Firstly, the definition of RIP constant is given as
Let $\mathbf{A}$ be an $m\times p$ matrix and let $1 \leq s \leq p$ be an integer. Suppose that there exists a constant $\delta _{s}\in (0,1)$ such that every $s$-sparse vector $\mathbf{v}$ satisfies
\begin{align} (1-\delta _{s})||\mathbf{v}||_2^2 \leq ||\mathbf{A}\mathbf{v}||_2^2 \leq (1+\delta _{s})||\mathbf{v}||_2^2 \end{align}
Then, the matrix $\mathbf{A}$ is said to satisfy the $s$-restricted isometry property with restricted isometry constant $\delta_s$.
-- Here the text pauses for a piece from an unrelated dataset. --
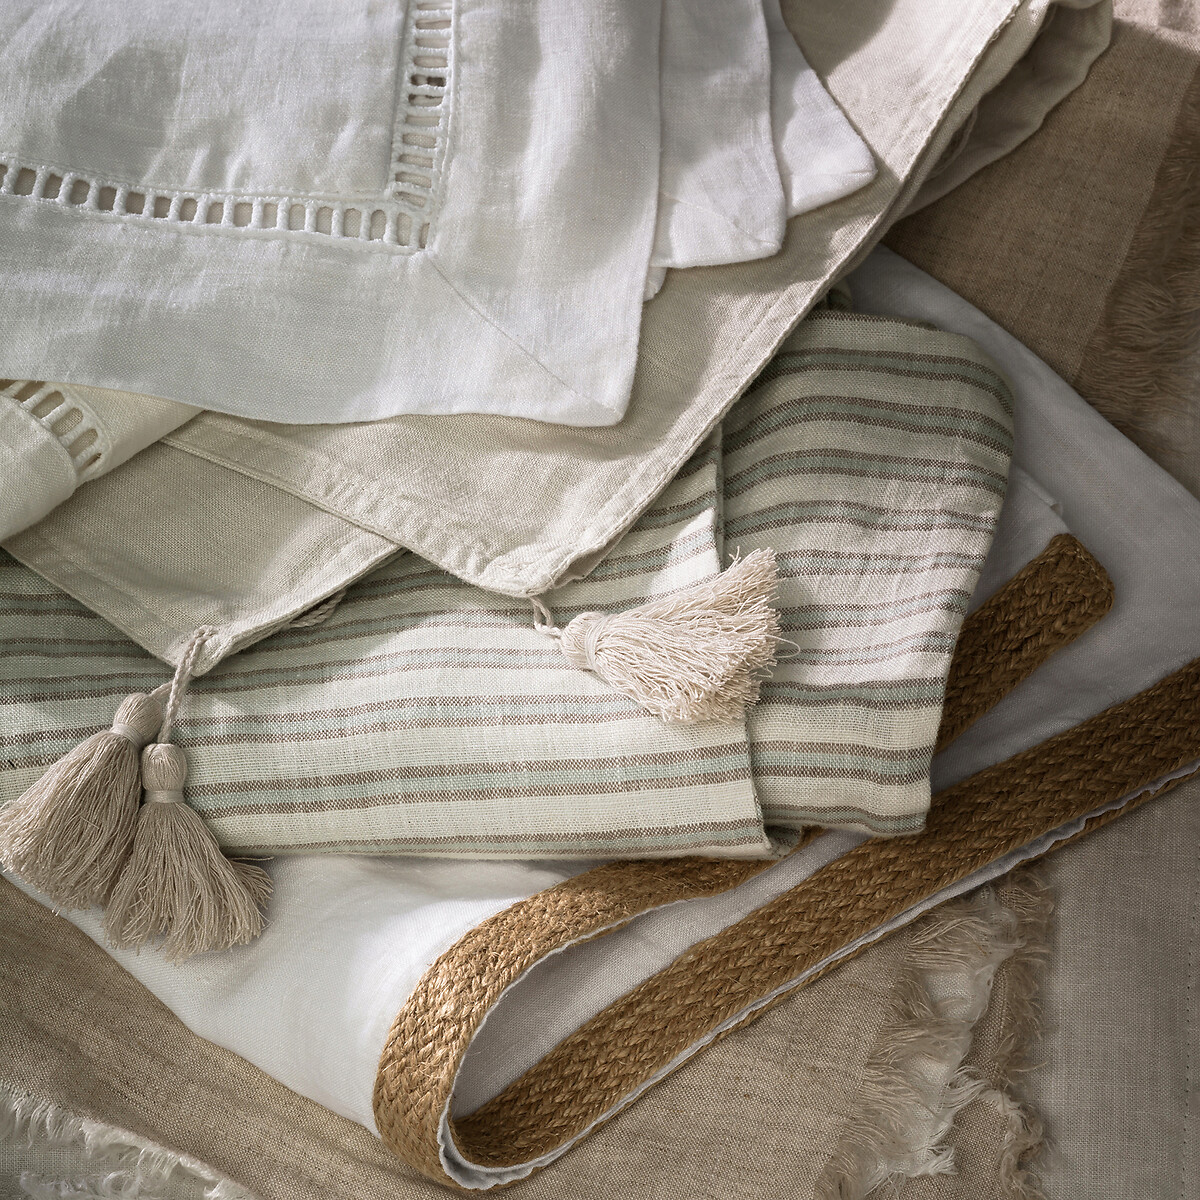 Celini Textured Linen 300 Thread Count Pillowcase

My question: Does the matrix $\mathbf{A}$ need to be column normalized? If not column normalized, the eigen values of random generated $\mathbf{A}^H\mathbf{A}$ could be very large. For example, when the eigenvalues are $[5 \;4.9 \;4.8\; 4.7]$, the columns of matrix $\mathbf{A}$ are actually quasi-orthognal. However, it does not satisfy the RIP property defined above.
I've searched over many literatures, but almost all of the highly cited work neglect the column normalization.
Please refer to Elad's book, where the columns need to be $l_{2}$ normalised (chapter 5 page 86).